A week ago I set up a dennerle nano cube 20 litre with 4 types of easy grow plants, Bacopa Caroliniana, Cryptocoryne wendti green, Helanthium Bolivian up and Marsilea hirsuta.
Obviously there is a dosage recommendation on the bottle which works out to 1ml per 10 litre of water per week. After I put my substrate, hardscape and plants in I put 15 litres of water in so I dosed 1.5ml of fert. Today will be my first water change so looking for advice on dosing going forward.
Some say dosing should be daily but dividing 1.5ml into 7 doses is impossible.
In his new book George Farmer recommends 1ml per 40 litre per day for low energy set up (I don’t have CO2 injection) so that would be 0.375 ml per day which is a lot more than tropica say. I will always do a 50% water change every week and I use a cut of 50% RO water and hard tap water.
I gave up this hobby a few years ago coz of algae (and massive snail infestation) so I’m trying to do everything right this time.
any advice would be helpful please.


----------



## dw1305 (12 Feb 2021)

Hi all, 
That looks good for a week from set-up. 


matthewwoodgate said:


> A week ago I set up a dennerle nano cube 20 litre with 4 types of easy grow plants, Bacopa Caroliniana, Cryptocoryne wendti green, Helanthium Bolivian up and Marsilea hirsuta.
> Obviously there is a dosage recommendation on the bottle which works out to 1ml per 10 litre of water per week. After I put my substrate, hardscape and plants in I put 15 litres of water in so I dosed 1.5ml of fert.


I'd just do that, plant health looks fine, as they grow you might find you need to add a bit more.  

cheers Darrel


----------



## Zeus. (12 Feb 2021)

matthewwoodgate said:


> Some say dosing should be daily but dividing 1.5ml into 7 doses is impossible.

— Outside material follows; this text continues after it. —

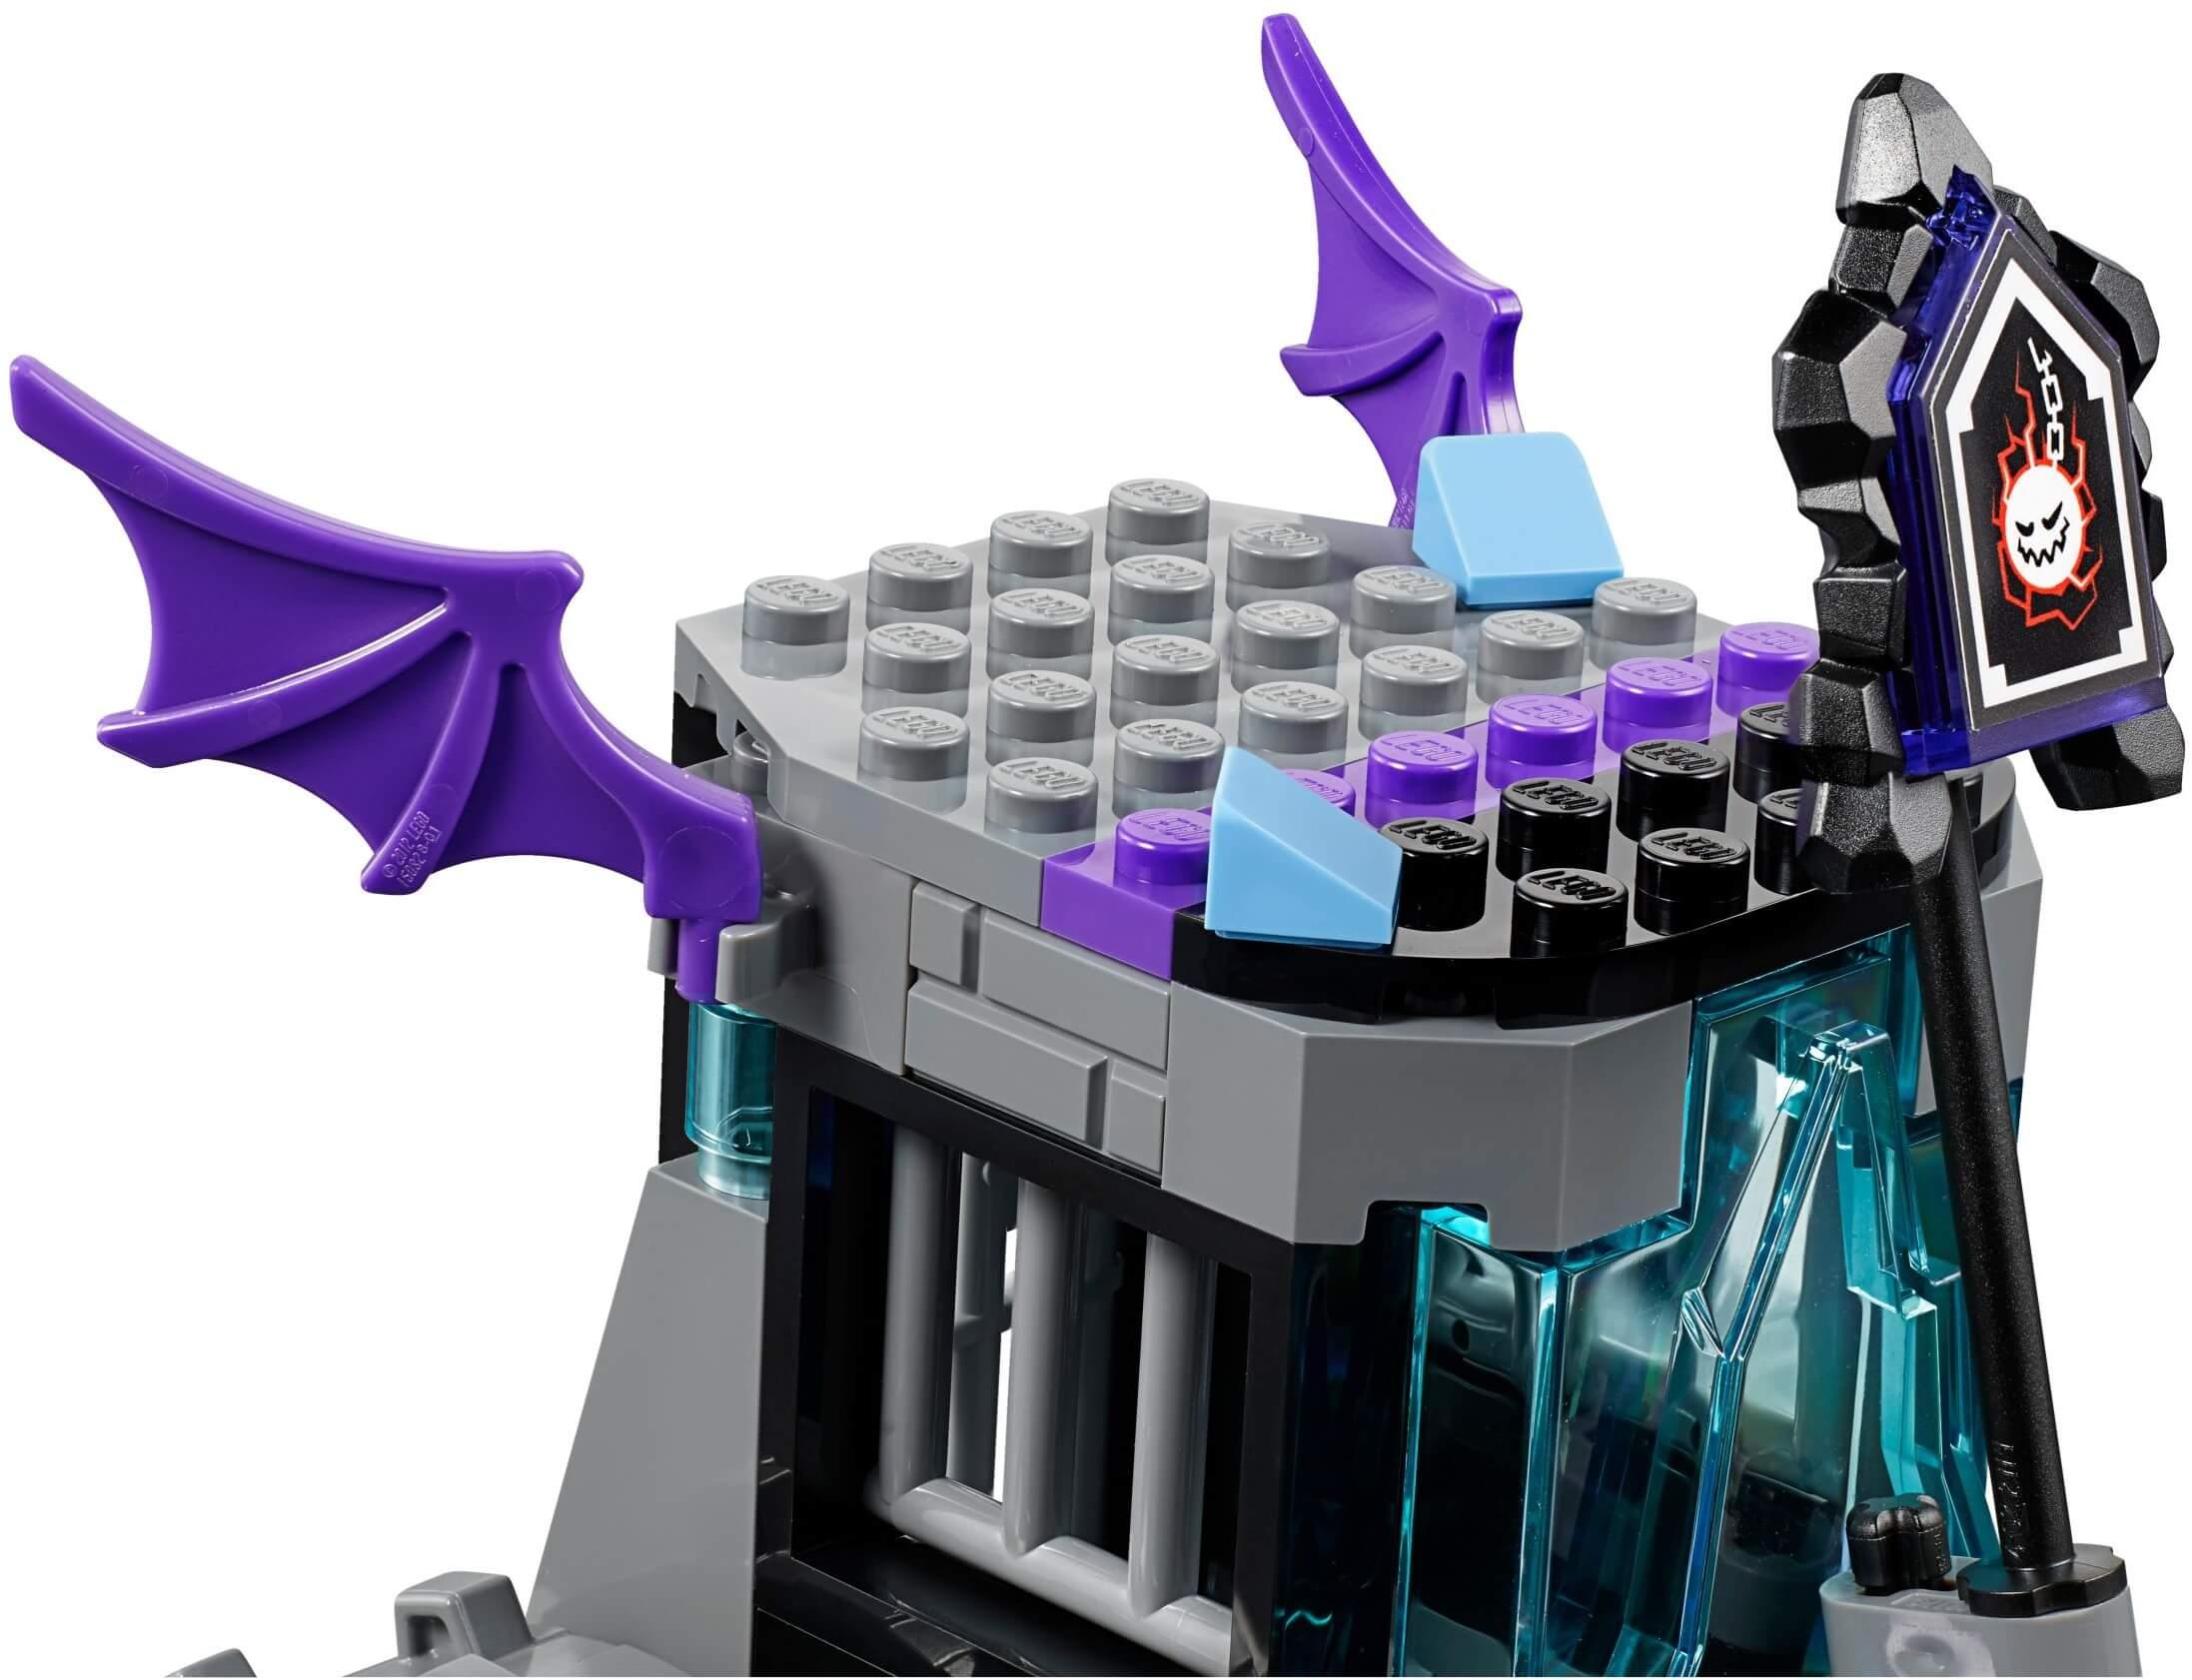 Mua đồ chơi LEGO 70349 - LEGO Nexo Knights 70349 - Cỗ Xe Quái Vật của Ruina (LEGO 70349 Ruina's Lock & Roller)

Not really, as 20 drops equals 1.0ml so 10 drops a day and your good 


matthewwoodgate said:


> ennerle nano cube 20 litre
> Obviously there is a dosage recommendation on the bottle which works out to 1ml per 10 litre of water per week. After I put my substrate, hardscape and plants in I put 15 litres of water in



Most folk ignore the substrate hardscape and dose for the tank volume, this also fits with the principle of 'nutrients in abundance' and the weekly 50% WC will reset your tank removing any excess ferts/DOC (Dissolved Organic Compounds)

BTW - Nice start


----------



## Matthew Robinson (20 Feb 2021)

I have a new 20liter dennerle cube as well and i have been looking in to fertz aswell and it looks like a drama with the dosing i wanted to go down the the tropica way but it looks a little to hard for me personally to add drops of the fertilizer, so im going with ADA range i know its a little expensive for the 4 bottles that will be required over time  but dosing says 1ml per 20liters of water per day, the fertz are alit little leaner 

Im using the ADA aqua soil too only because i got it for cheap from local online sales page, 
So the fertilizer works with this soil 
It says start off in week 2 with dosing 1 pump per day of brighty k and 1 pump brighty mineral per day 
After 3 month you add the 3rd bottle in to the mix brighty iron again 1 pump per day 
And after say 6 months the 4th bottle brighty nitrogen again I pump per day 
The only thing I see is they don't dose phosphat that might be a problem later if no fish stock 🤔 
As a said its a little expensive they do 4 bottles that are required over time not sure what the price is in the uk but over here in Germany its 12.90€ for 180ml and 17.90€ for 300ml
But if u only need one pump per day is 300ml for the whole year supose okey bu only time will tell,
I also like the aqua rebell range they do a dropper lid for drop dosing but there you need to buy there empty bottles and pour the tropica fertilizer in so the dropper lid works 

But great start BTW 
Matt


----------



## DaveWatkin (20 Feb 2021)

I use syringes (no needles) for various things in various sizes.

I have a small hotel shampoo bottle which I pump my tropica into (15ml) and the add with a 1ml syringe.

Two tanks are weekly dosed after water change and one is daily as has co2.

I just round up the quantity to closest ml and it's all nice and simple.

My 90L gets 10ml per week, my 57L gets 6ml per week and my 20L gets 1ml per day (but has waterchanges twice a week)


----------